= Micro Precision Products =

British optical company

MPP logo

Micro Precision Products Ltd (MPP) was a British optical company that between 1941 and 1982 produced cameras and related equipment. (From 1976, its name was MPP Photographic Products Ltd.)

MPP was formed in 1941 to sell equipment produced by Celestion Ltd.; in its early days, MPP employees also worked for Celestion or the related McMurdo Instrument Company. MPP was based in London: in Kingston until 1976, Wandsworth thereafter.

== Products ==

MPP's first major product was the Micro-Technical Camera, in 1948. This was far in advance of any other camera produced in Britain. Mark II followed in 1949; Mark III in 1951; Marks VI, VII and VIII in 1952, 1956, and 1963. (Marks IV and V were not sold.) These had the full versatility and quality of technical cameras; some long remained in professional use.

The Micro-Press Camera was a press camera available through the 1950s.

MPP is the only postwar British manufacturer of twin-lens reflex cameras. The Microcord (1951) was based on the Rolleicord; it was soon (1952) followed by the Microcord Mk II, with an improved shutter (the German Prontor). The Ross lens is of high quality. In 1958, MPP brought out the lever-wound Microflex, inspired by the Rolleiflex. This had excellent optics (by Taylor, Taylor and Hobson) and the camera was well made, but the crank invited hard use for which it was not designed. Shortly after its introduction, Britain dropped the high duty rates that had made Rollei equipment prohibitively expensive, and the Microflex had to be heavily discounted.
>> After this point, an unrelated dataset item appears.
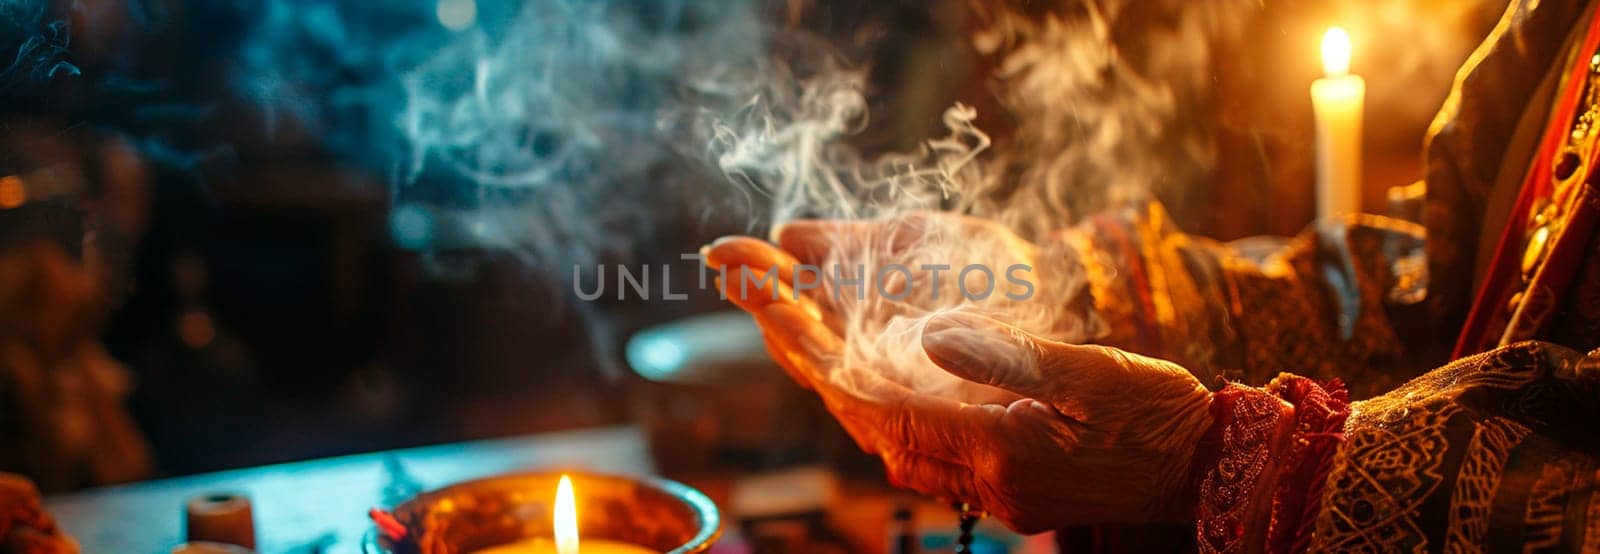 Fortune teller tells fortunes with candles and smoke. Selective focus. by yanadjana
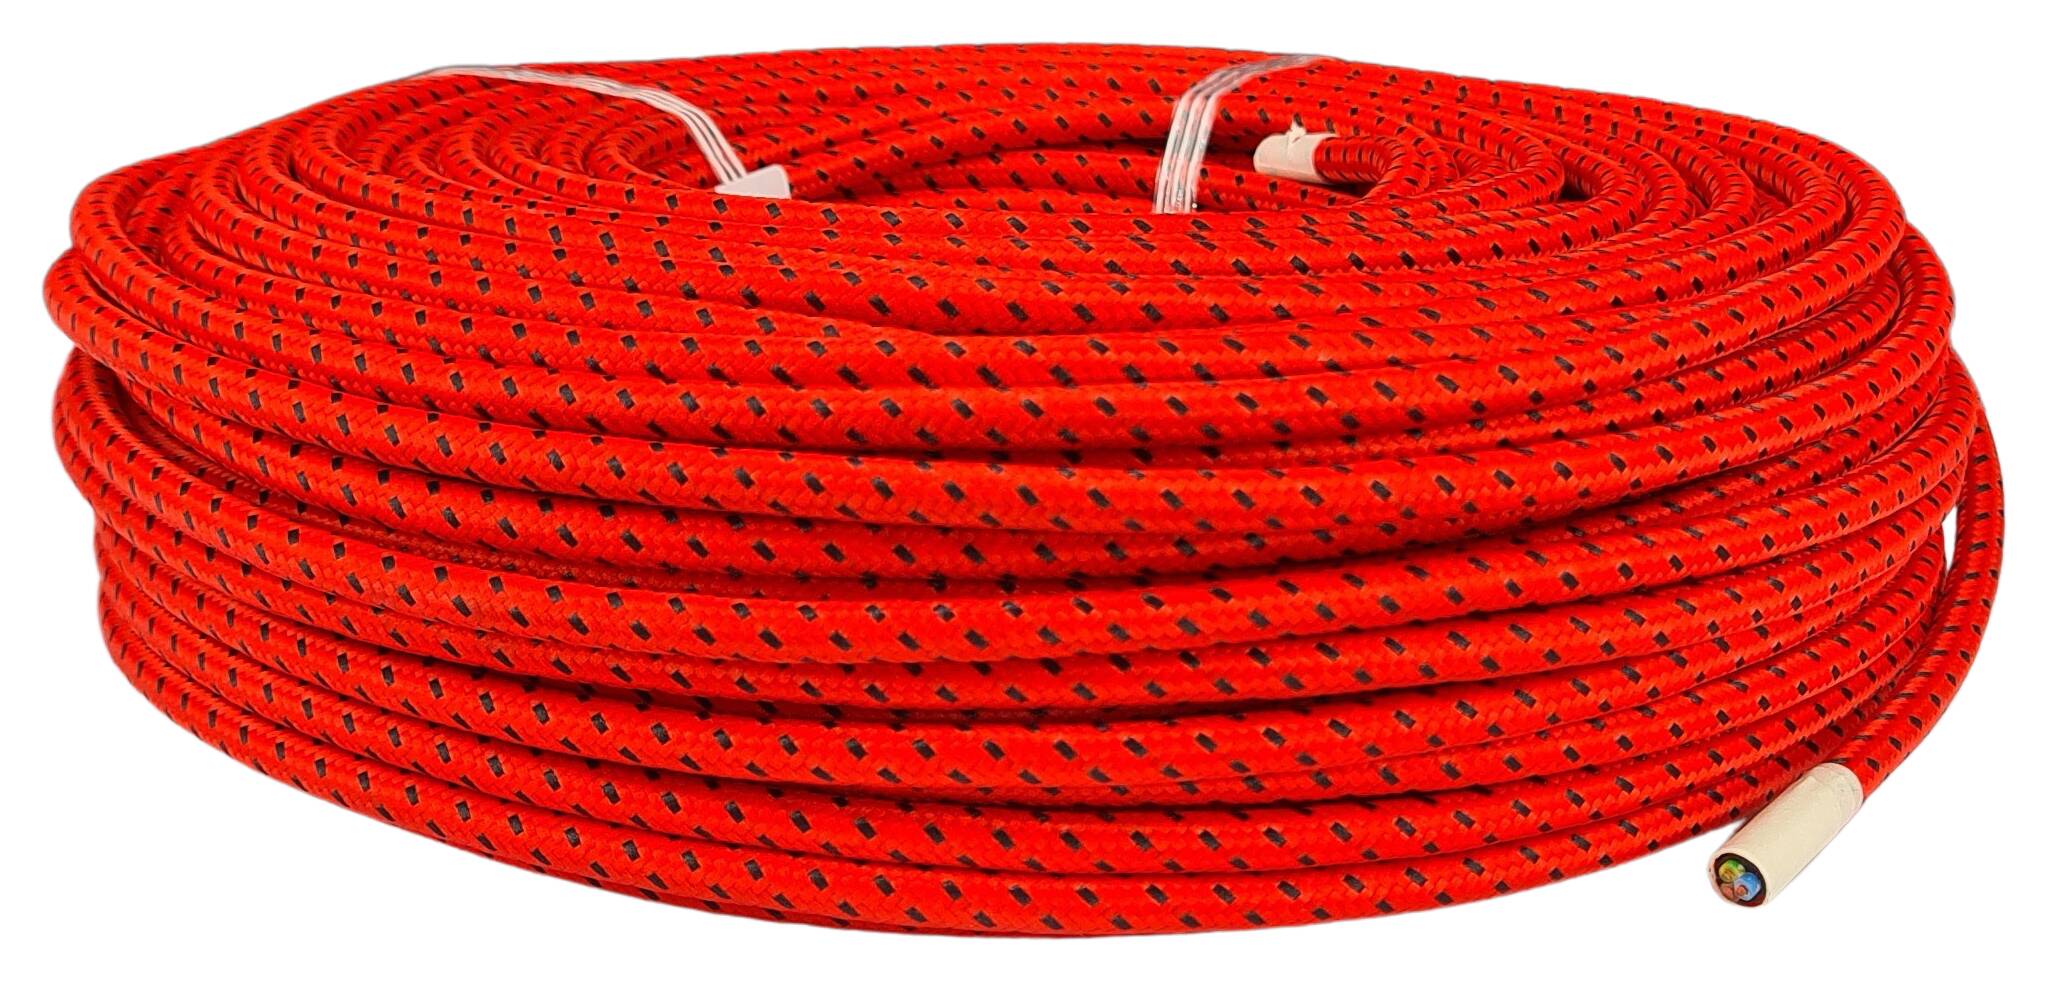 cable 3G 0,75 H03VV-F textile braided RAL 3028 red-black (dotted)

Other products included enlargers (even for large format), projectors, dark slides, carrying cases and a flashgun that was similar in design and appearance to Graflex models.

== Sources ==
- Skinner, Basil. Micro Precision Products: The MPP story and the products. Newquay, Cornwall: MPP Publications, 2004. ISBN 0-9546070-1-5. (For a description of the book, see this page, retrieved in 2007 from the website of Michael Pritchard FRPS.)